### What you are asked to do
Reproduce the listing that follows in full. Omit its images.

### Information supplied
[Start of Attachment]

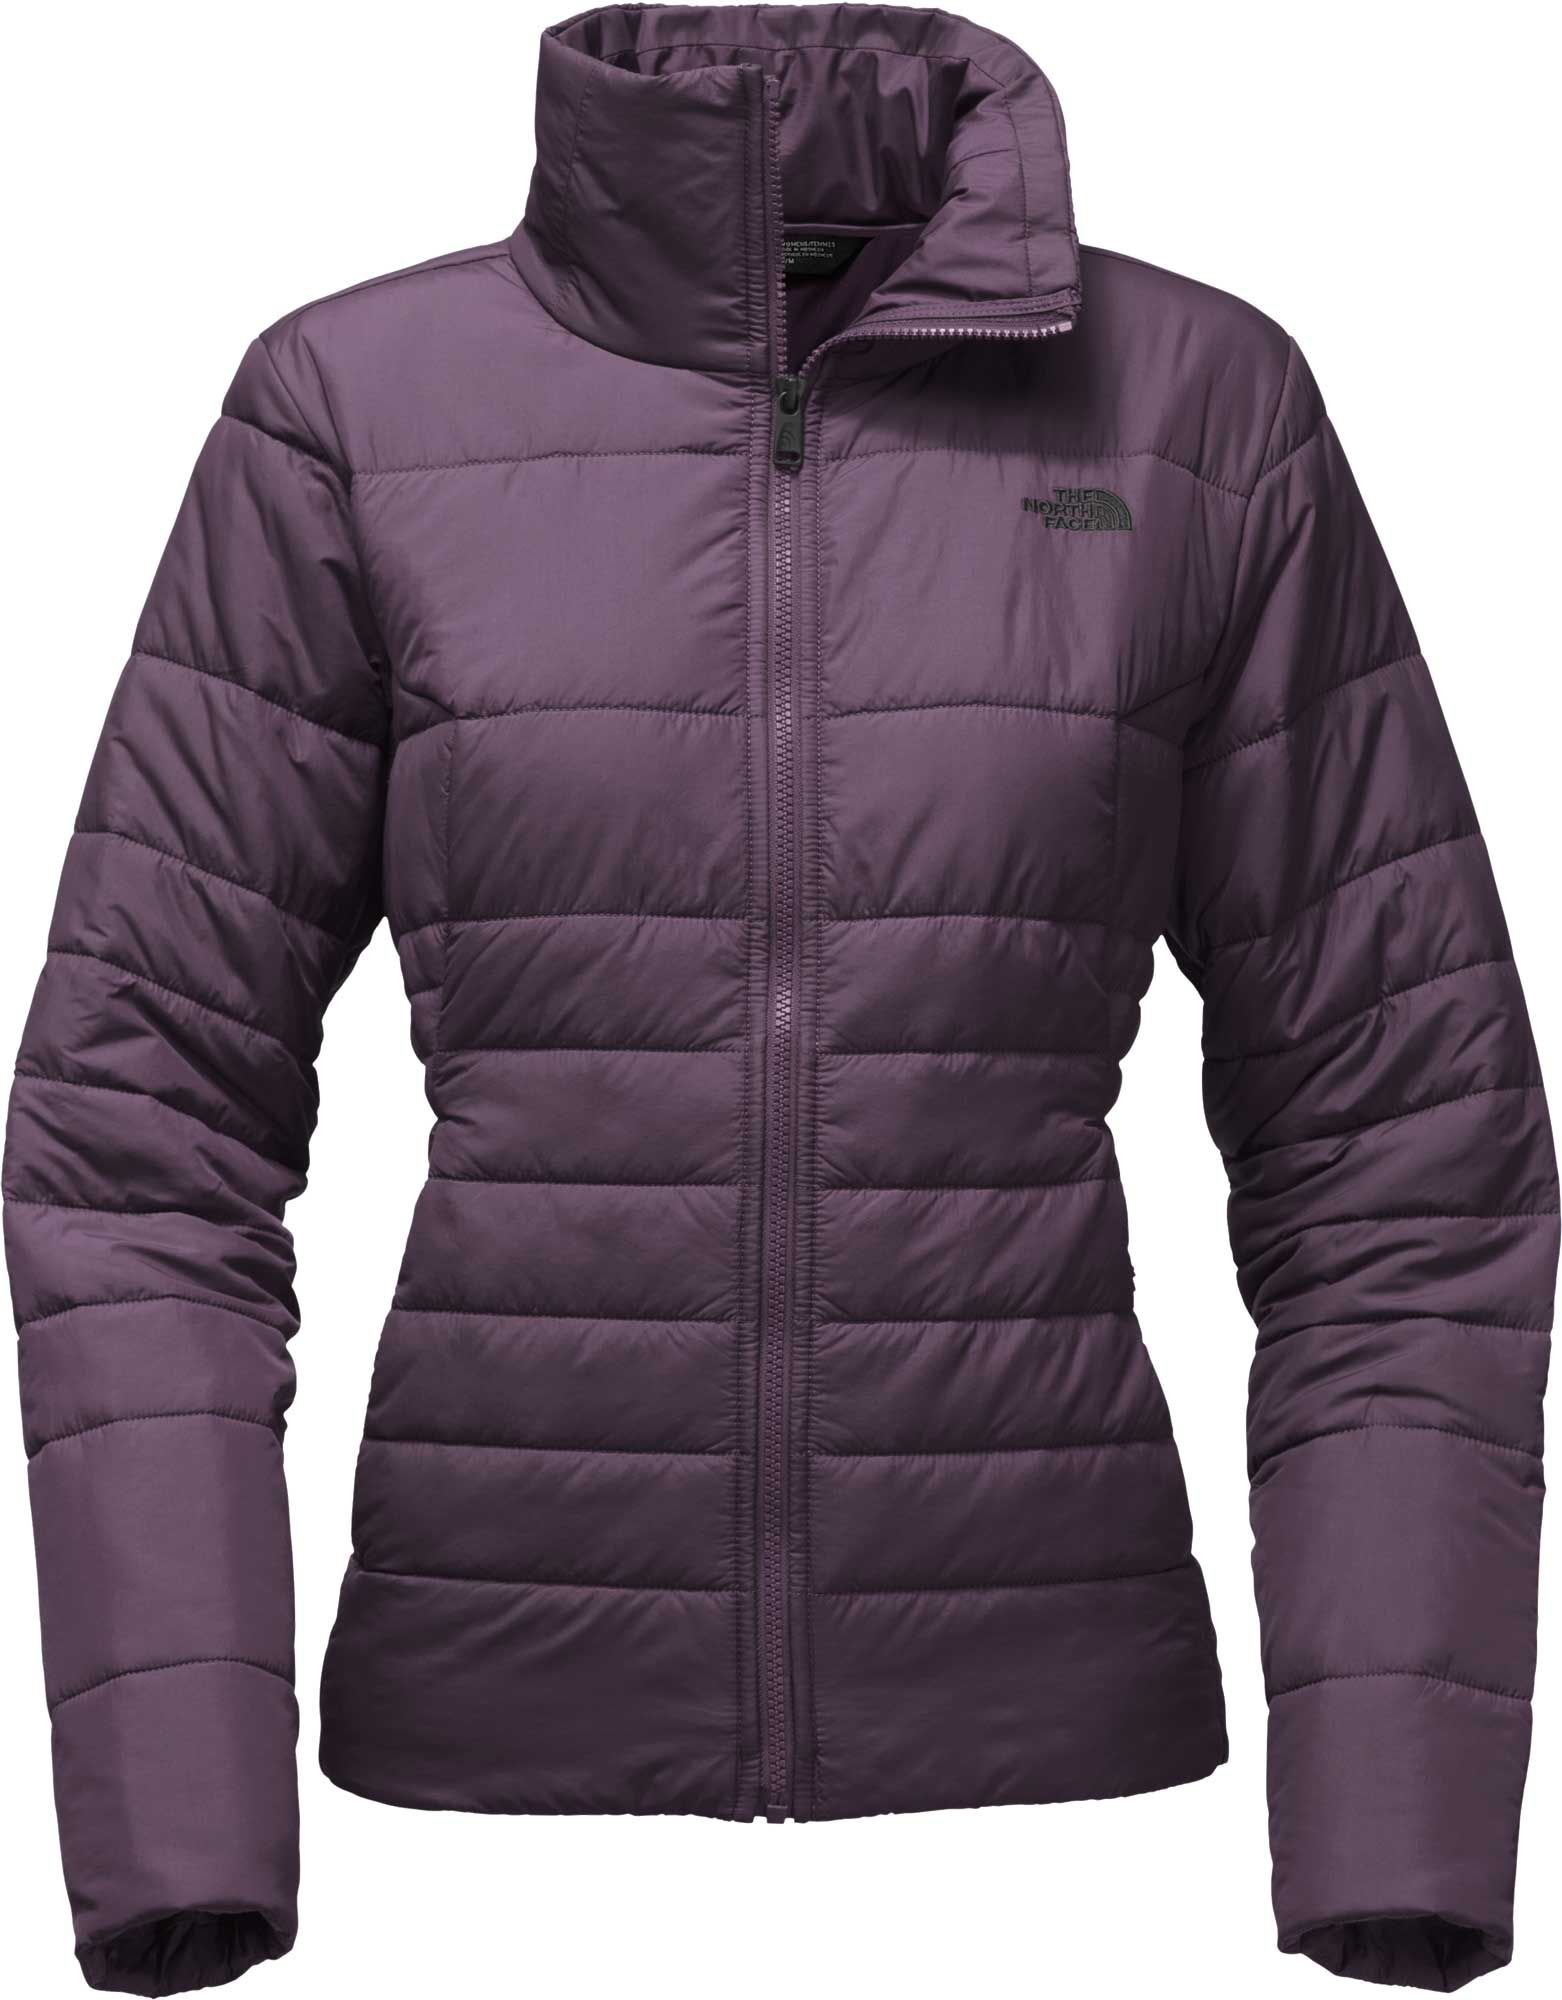 North face jackets on sale at dicks sporting goodsting goods
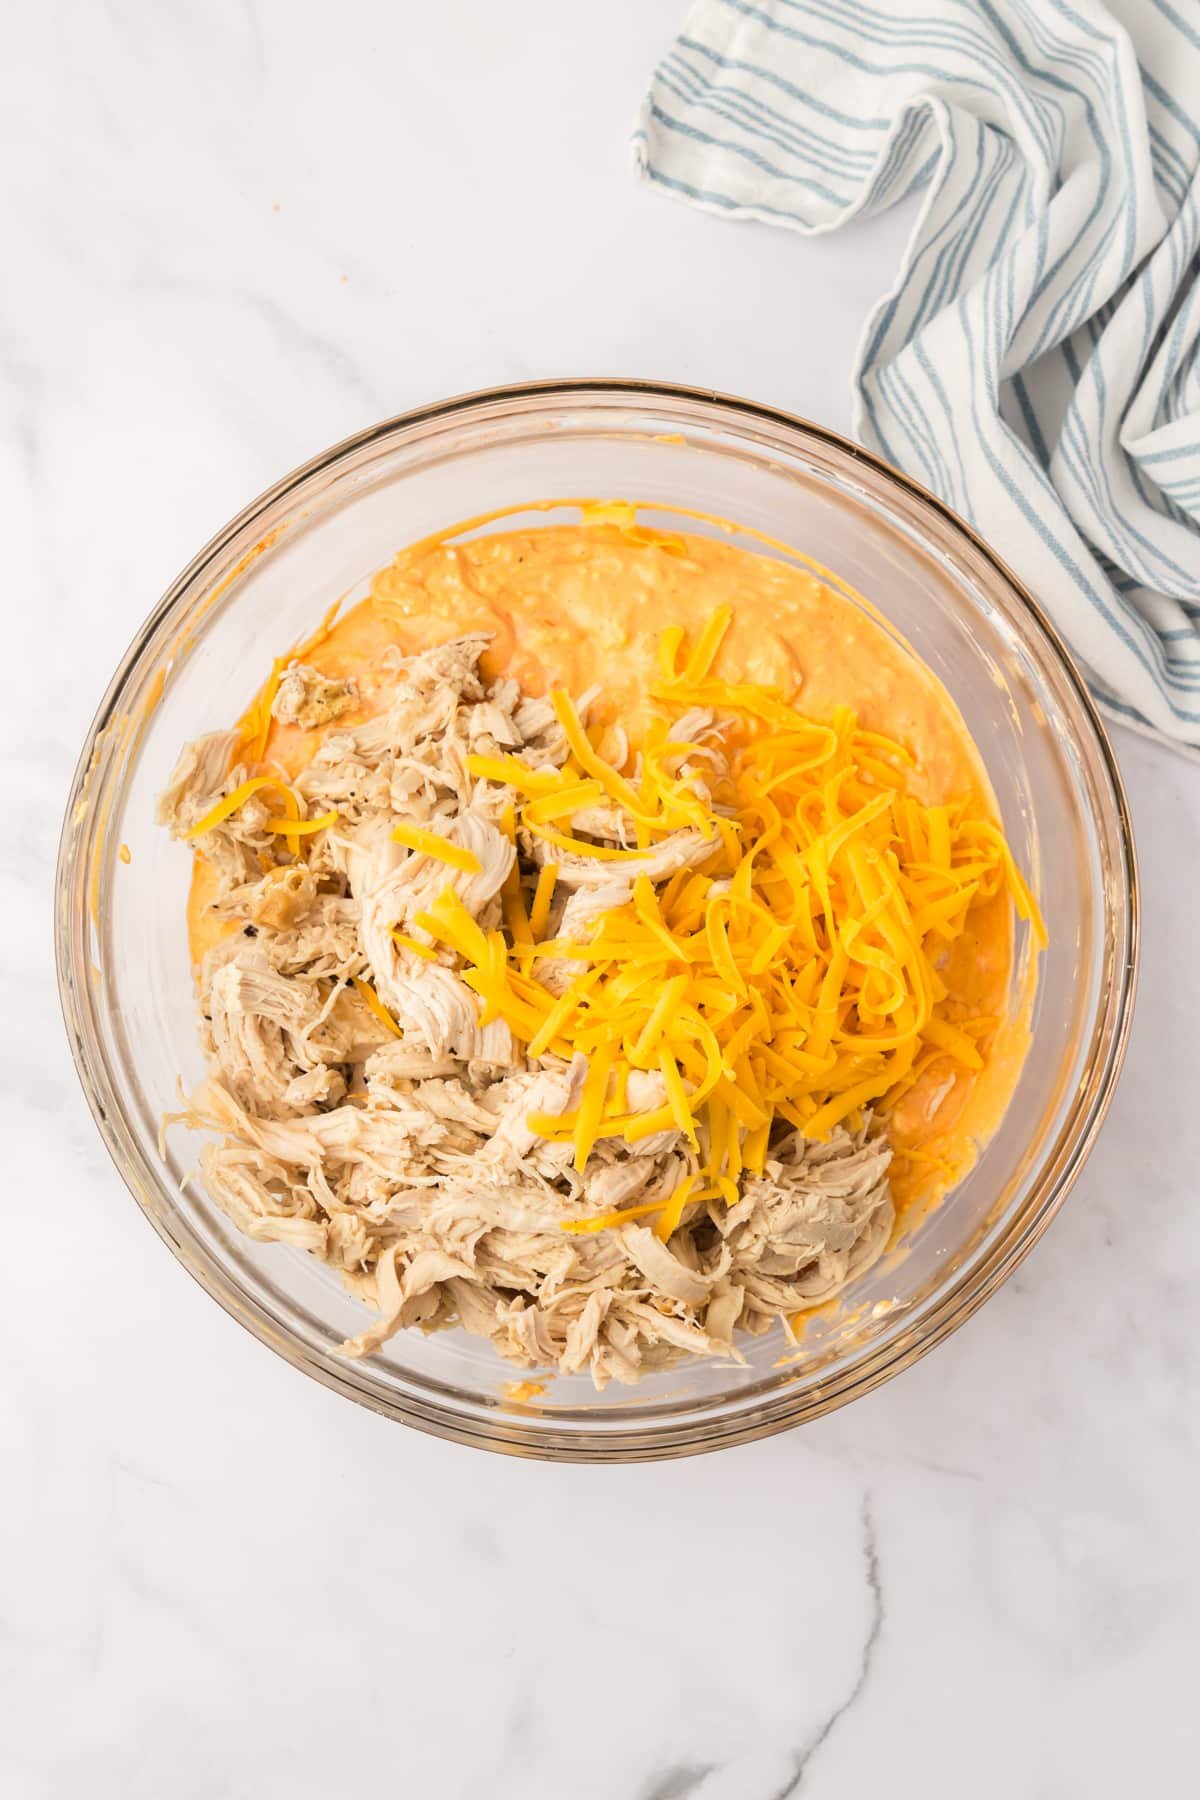 A bowl filled with a dip mixture, with shredded cheese and cooked chicken on top.
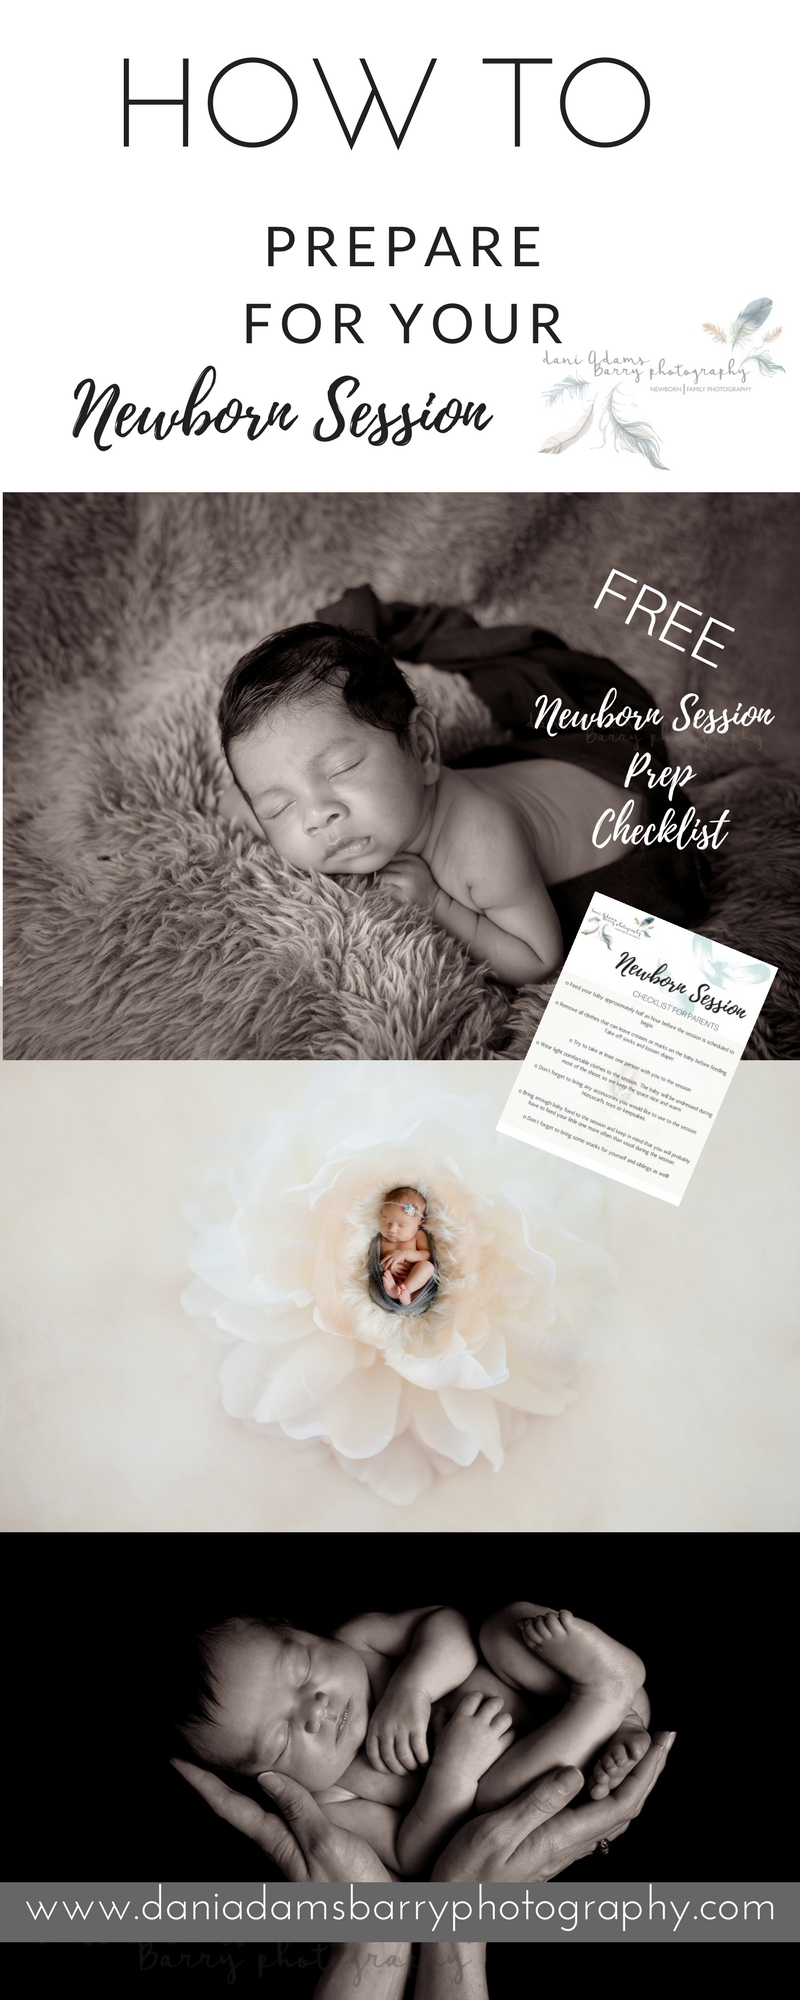 How to Prepare for your Newborn Photography Session- Tips and tricks on how to prepare for your Newborn Session. PLUS, FREE Newborn Session Prep checklist for parents. PIN NOW!

[End of Attachment]

### Final answer
 North face jackets on sale at dicks sporting goodsting goods
 A bowl filled with a dip mixture, with shredded cheese and cooked chicken on top.
 How to Prepare for your Newborn Photography Session- Tips and tricks on how to prepare for your Newborn Session. PLUS, FREE Newborn Session Prep checklist for parents. PIN NOW!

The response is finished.